Needs-based resource allocation formulae have been introduced into some countries in the western part of the Region and are now being developed in some countries in the eastern part, in particular regarding the geographical allocation of resources and services.

Contracting is a mechanism that offers an alternative to traditional models of resource allocation, binding third-party payers and providers to explicit commitments and generating the economic motivation to meet these commitments. Four major reasons have been put forward for introducing contractual relationships into tax-based systems, based on the long experience of health insurance systems:

to encourage decentralization

to improve the performance of providers

to improve the planning of health service and care development

to improve management.

Contracts can support equity if, through needs assessment, resources are allocated as a priority explicitly to disadvantaged population groups. The role of governments should be to ensure equity, in order to avoid over-emphasizing profitable, rather than effective, services.

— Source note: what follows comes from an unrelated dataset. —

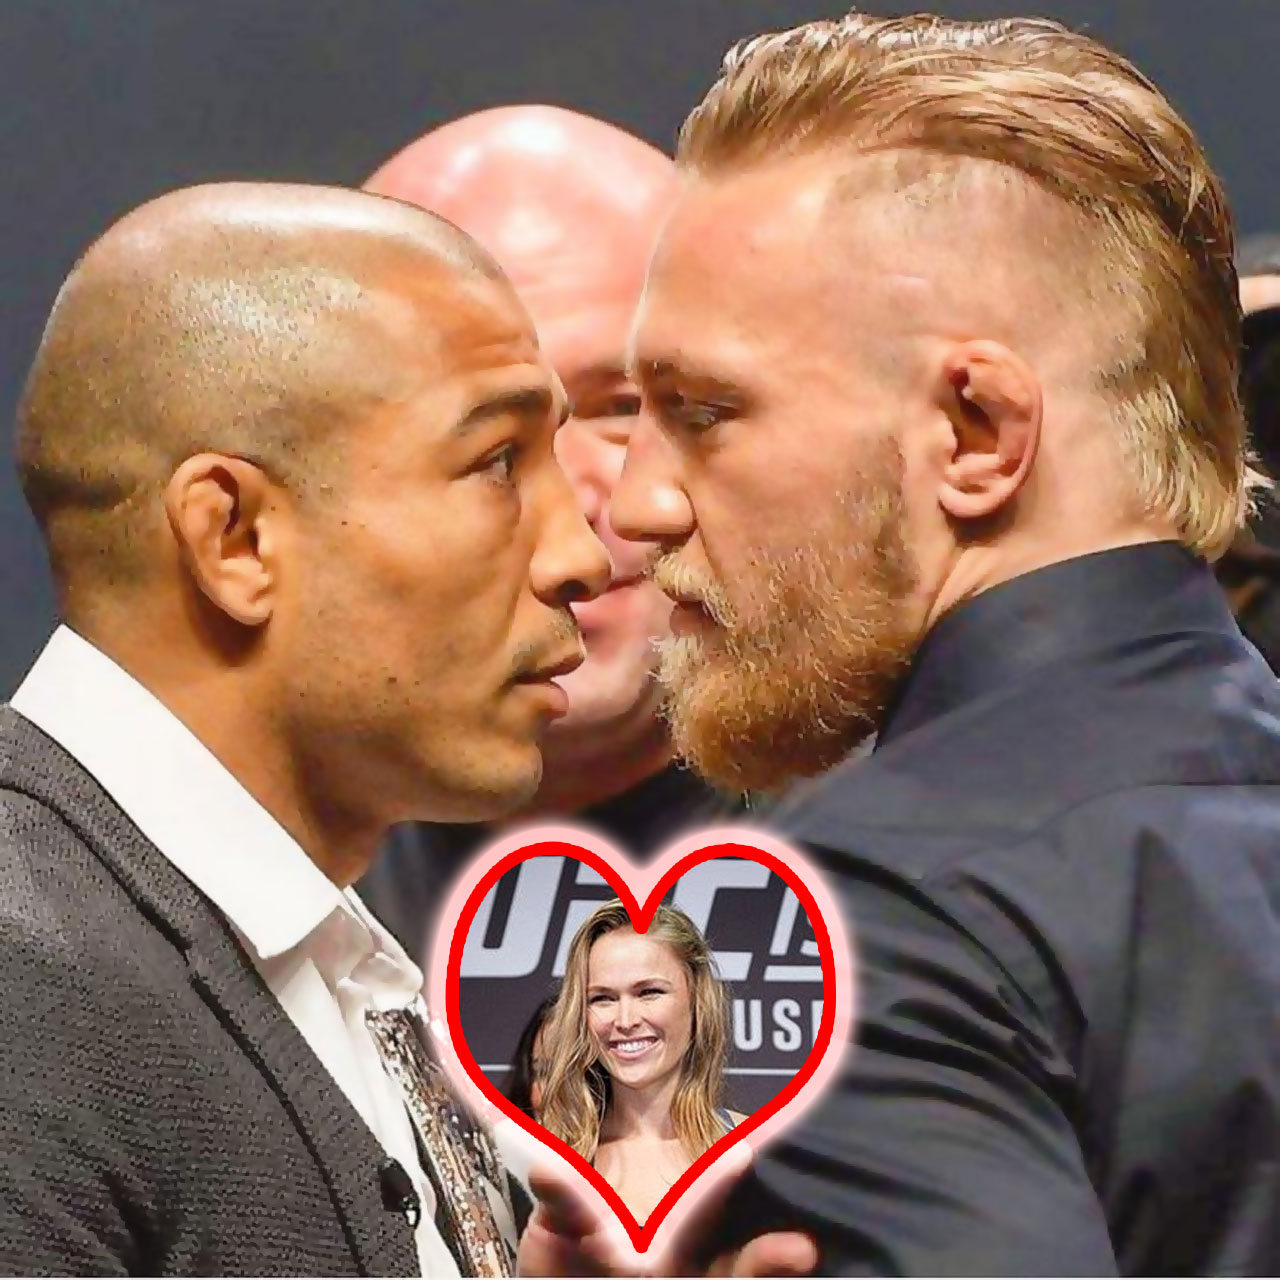 Conor McGregor and Ronda Rousey keep UFC in the headlines1280 x 1280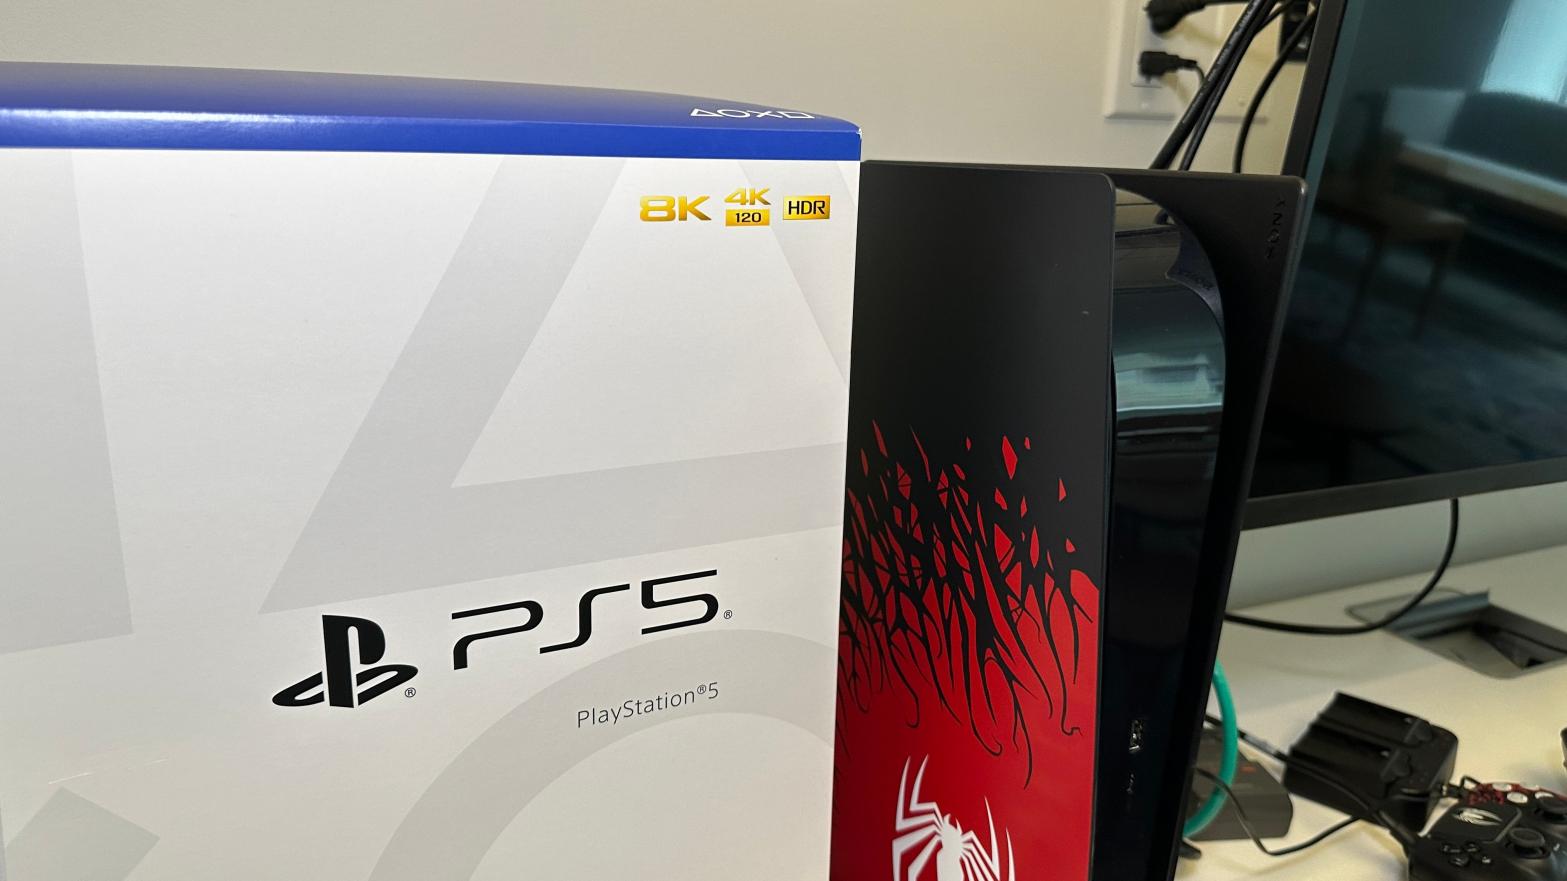 PlayStation 5 Was Never Going to Do 8K, and Now Sony Has Finally Acknowledged That

Provider payments to create incentives for quality Paying primary health care providers

Payment systems for PHC providers should contribute to achievement of the best possible health outcomes. An optimum payment system for PHC providers should also ensure the following:

financial management of the different components of PHC within a country’ s total health care expenditure; a balanced package of health promotion, disease prevention, treatment, and rehabilitative services; a free choice of health care provider (nurse, physician, hospital) for all individuals; a structure of fair rewards for practitioners which recognizes workload and professional merit;

acceptance of health care providers’ responsibility for and accountability to the population and responsiveness to the needs of the community, the family and the individual; promotion of close collaboration among health care providers; and a democratic system of decision-making. Finally, the system should allow purposeful, flexible management aimed at achieving continuous quality development and greater cost–effectiveness.

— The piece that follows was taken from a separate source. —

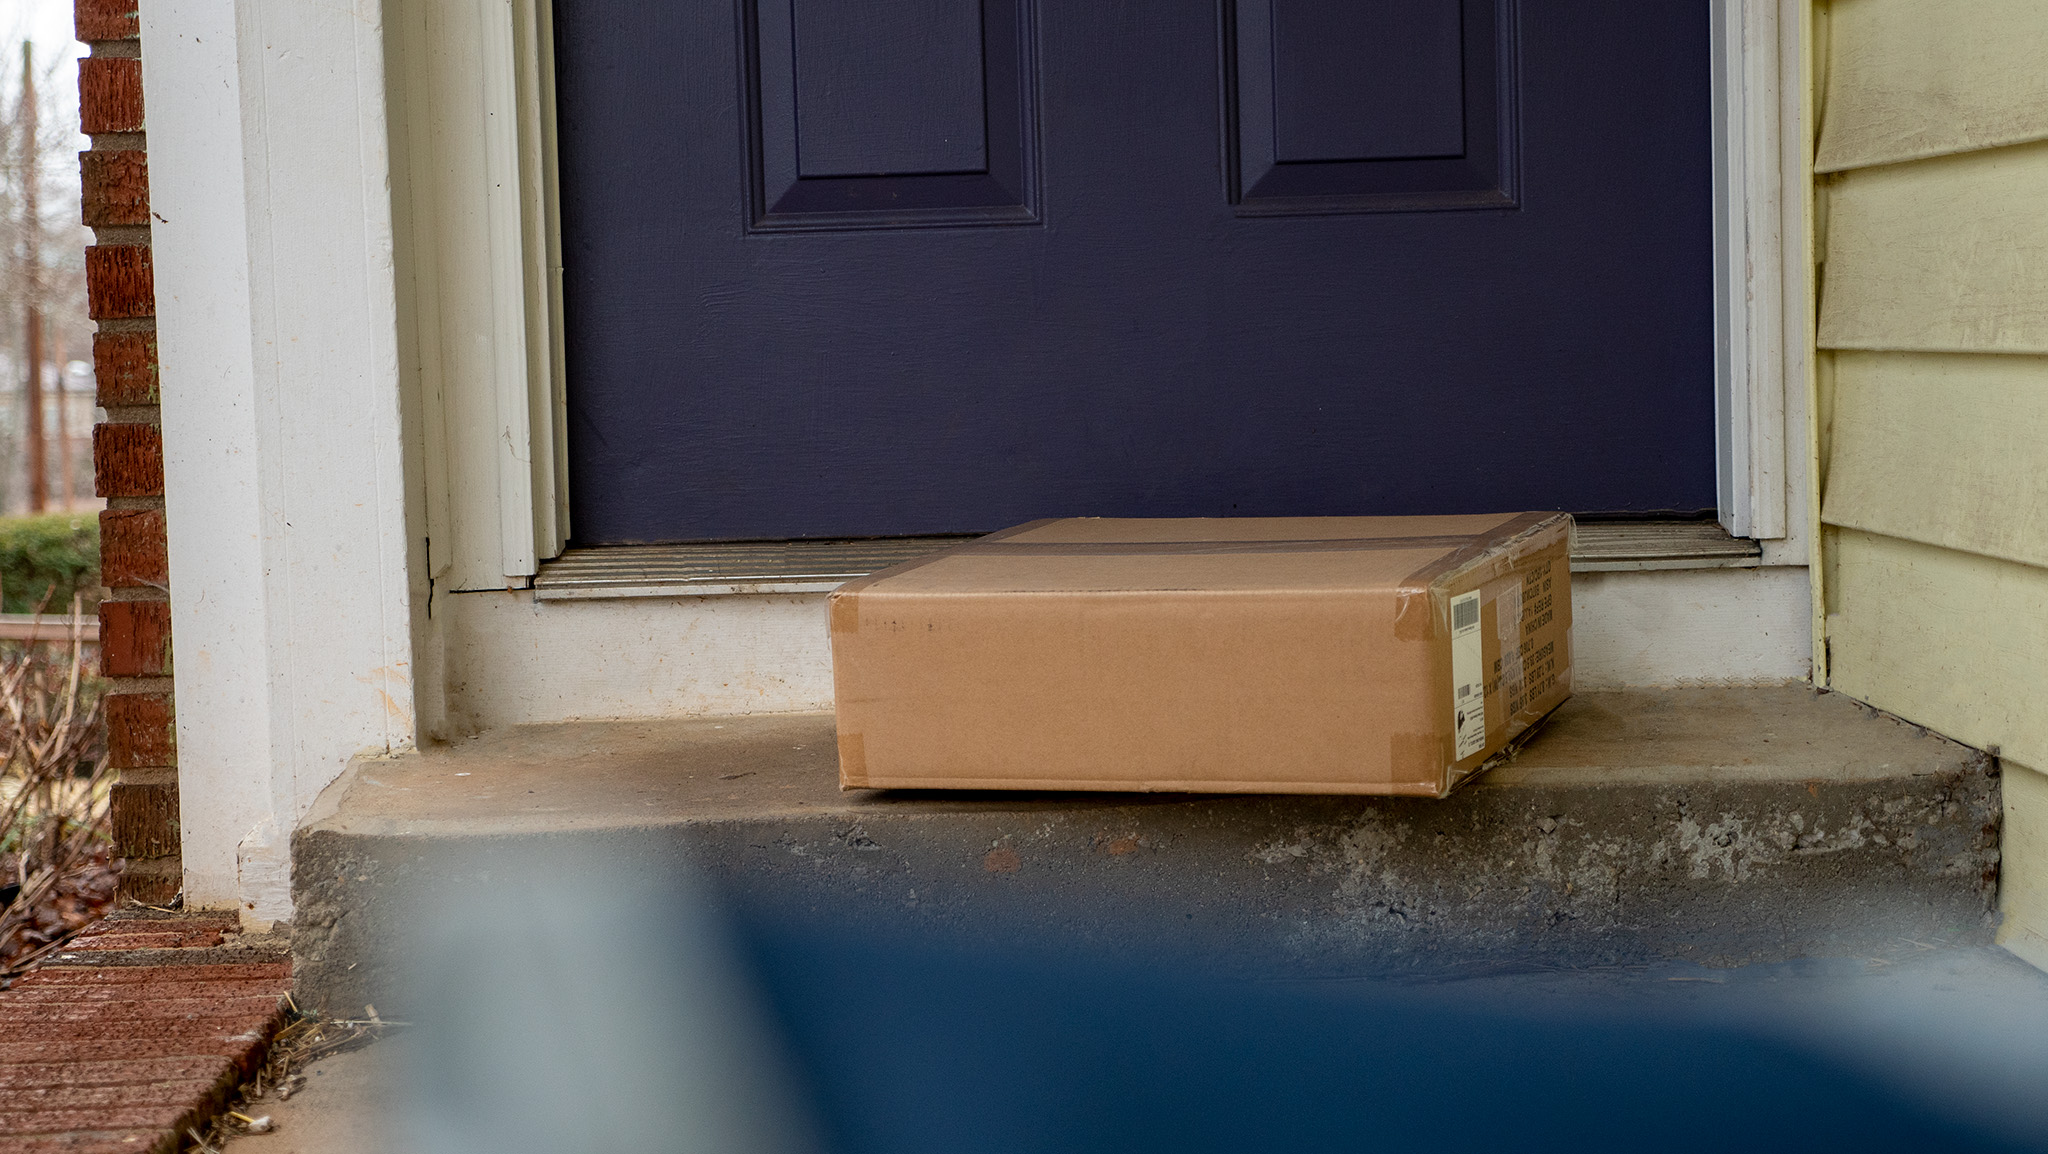 How to get package alerts from your Ring doorbell or camera

Mixed payment systems, with a prospective component based on capitation together with fee-for-service for selected items, seem to be more successful in controlling costs at the macro level, while ensuring both patient and provider satisfaction and achieving efficiency and quality at the micro level. The tools available for management include the use of different incentives to influence patterns of care (e.g. to offer more preventive services) and ensure equitable distribution of primary care providers throughout the country.

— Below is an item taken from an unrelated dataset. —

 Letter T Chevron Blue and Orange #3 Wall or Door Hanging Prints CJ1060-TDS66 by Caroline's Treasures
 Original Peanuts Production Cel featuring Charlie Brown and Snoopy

Paying for secondary and tertiary care

Prospective budgeting has evident merits: it limits expenditure to funding a given level of service provision that is determined in advance for a defined period. A prospective budgeting system can be recommended if it incorporates the use of case-mix controls and output measures. Classification systems based on diagnosis or on the characteristics of the patients can be used to better analyse cost structures, evaluate hospital performance and quality of care, and make comparisons between hospitals in terms of costs and quality, as well as in negotiating contracts between hospitals and those purchasing services.

Alternatively, a volume-based approach can be made to work by using prospective pricing and contracting or planning agreements for agreed levels of service provision. In this way, hospitals can be obliged to achieve specific objectives of cost control and effective resource utilization, stimulating them to review and adjust their current organization, staffing levels and internal resource allocation.